* _Task_:
Using the data that follows, give again word for word the lines between the one holding "musclenation Mens Relaxed" and the one holding "spaghetti and tomato", inclusive. Omit the pictures.

* _Dataset_:

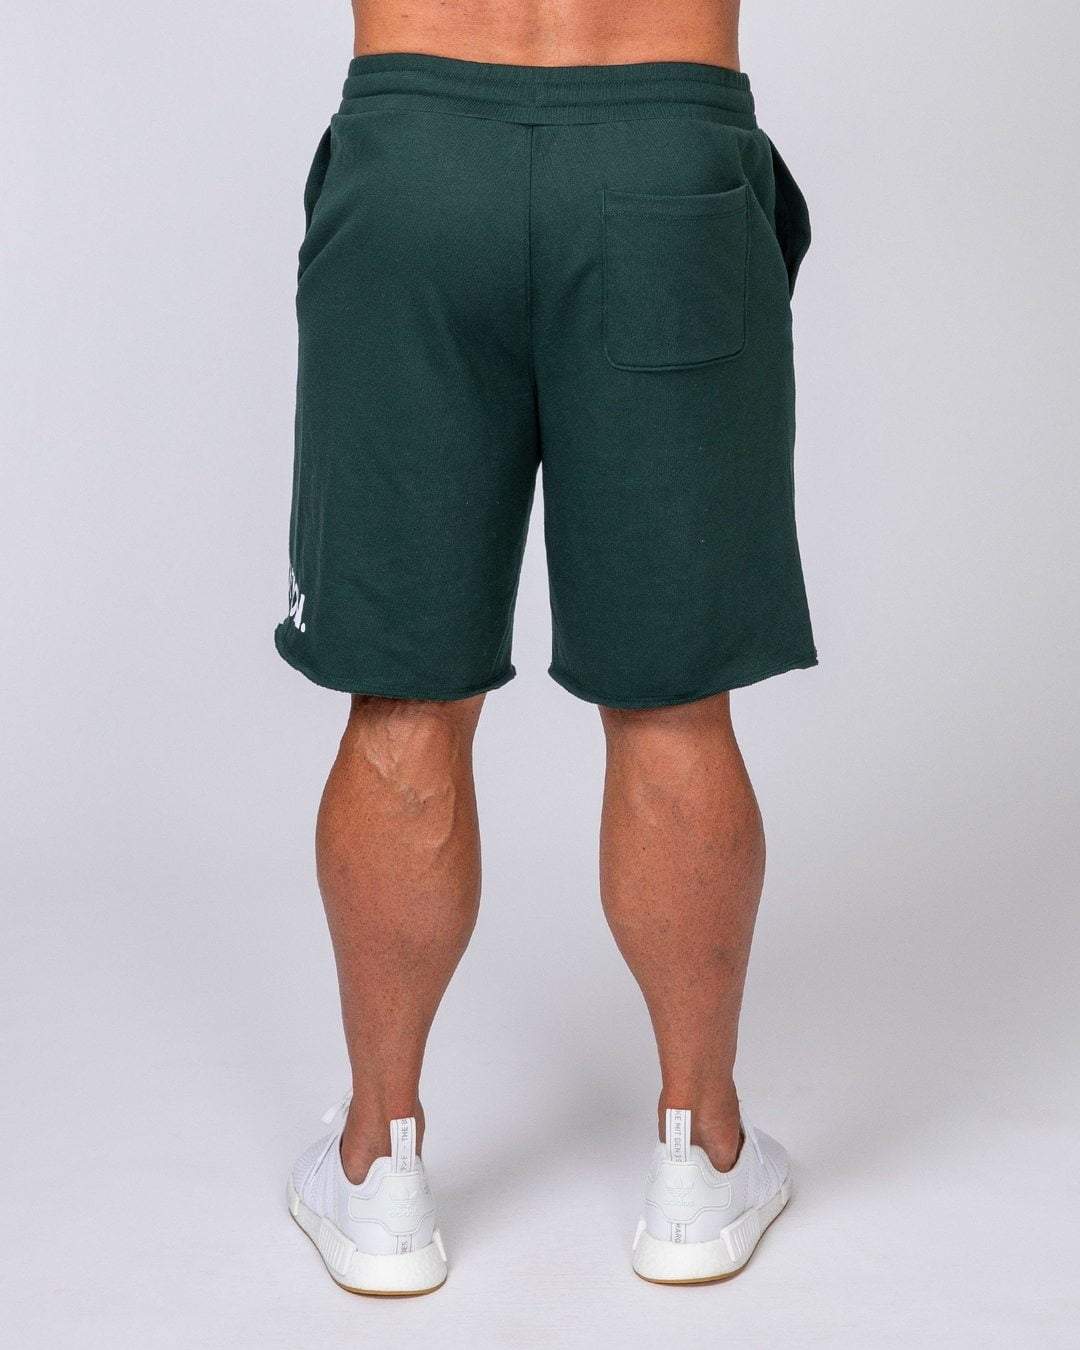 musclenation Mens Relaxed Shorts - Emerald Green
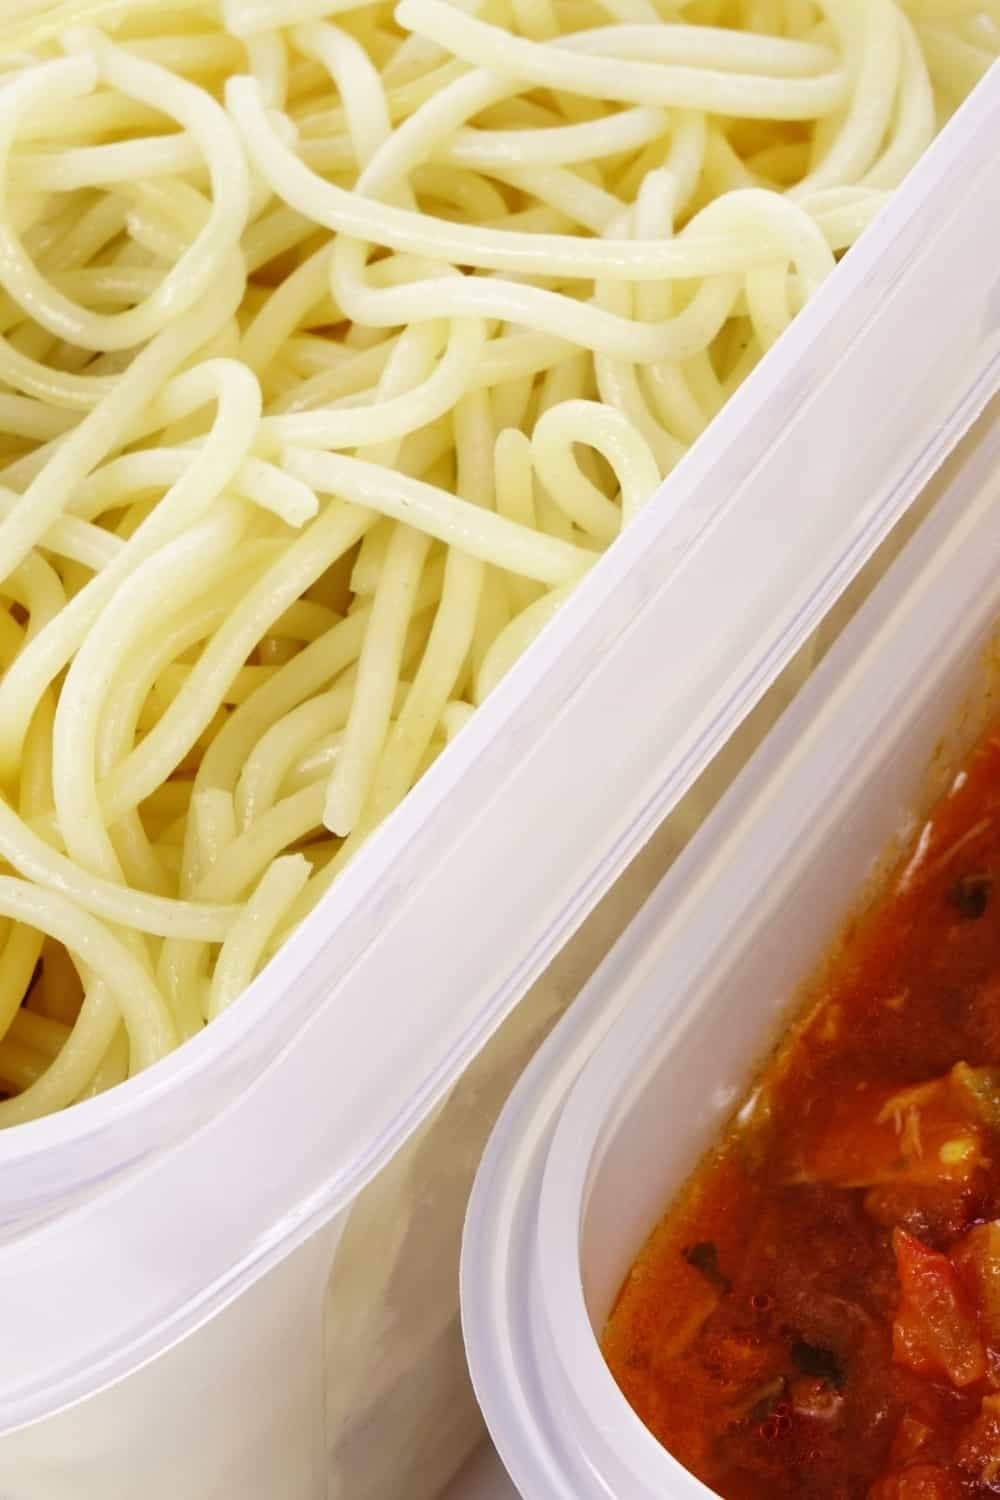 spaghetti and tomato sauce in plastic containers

---

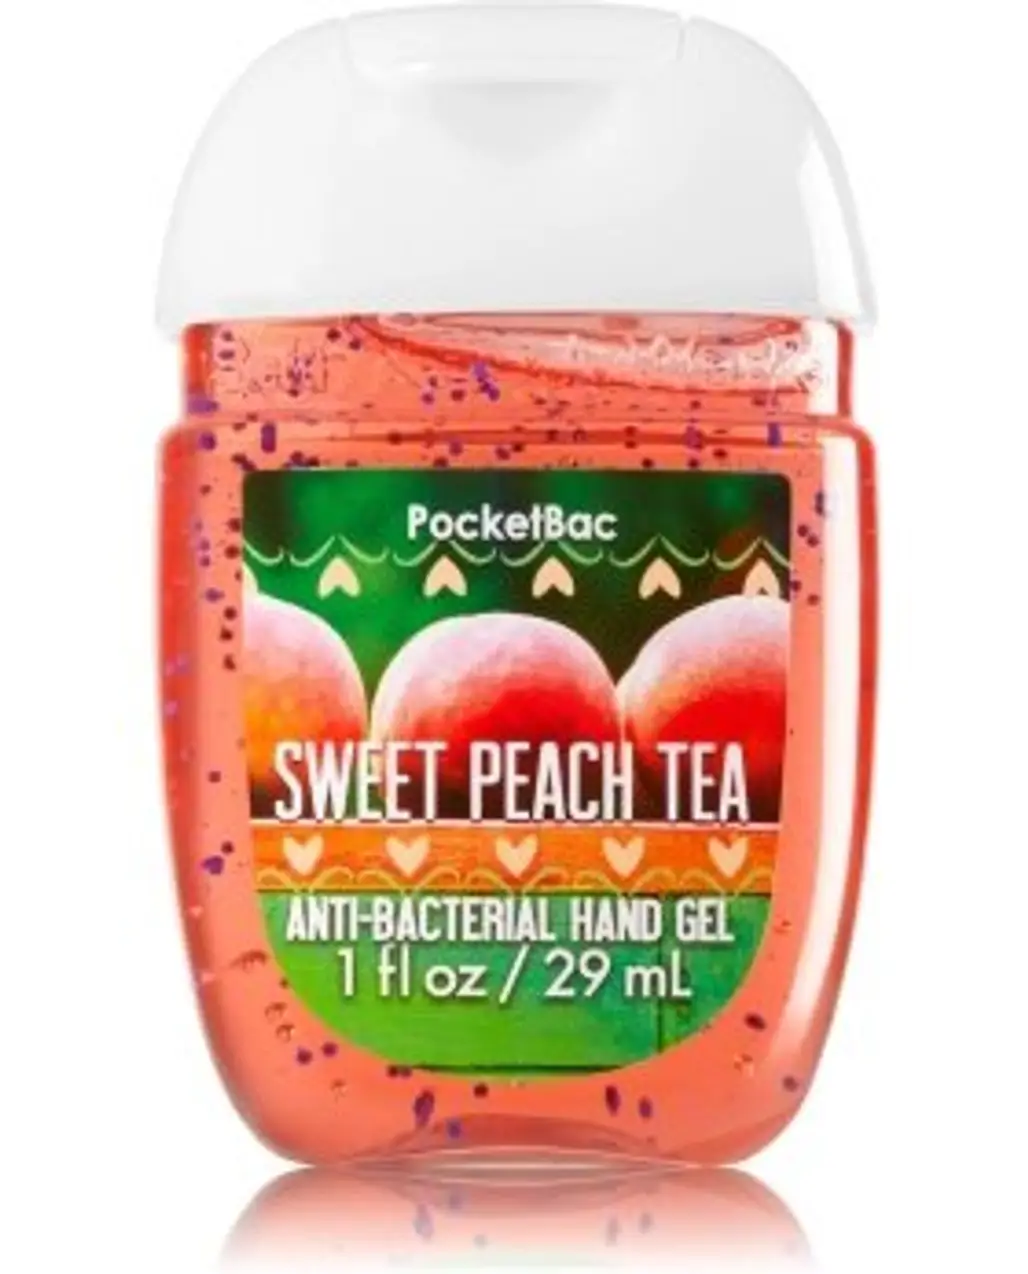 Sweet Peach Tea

...

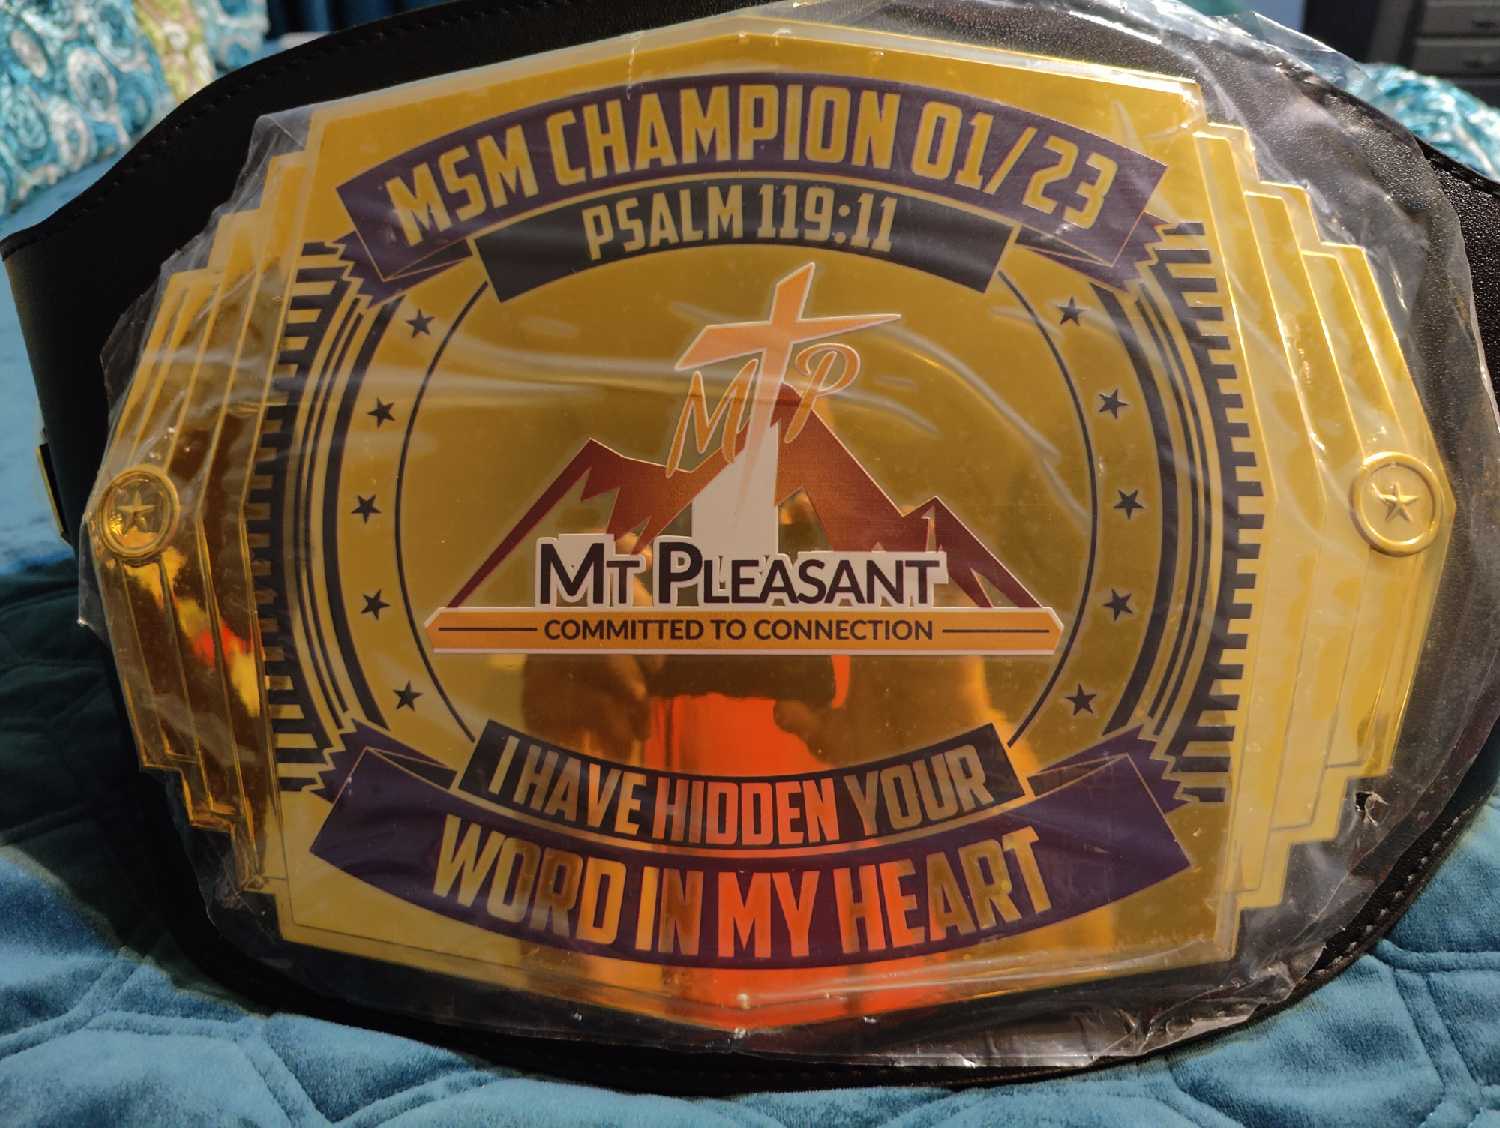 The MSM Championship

* _Written solution_:
 musclenation Mens Relaxed Shorts - Emerald Green
 spaghetti and tomato sauce in plastic containers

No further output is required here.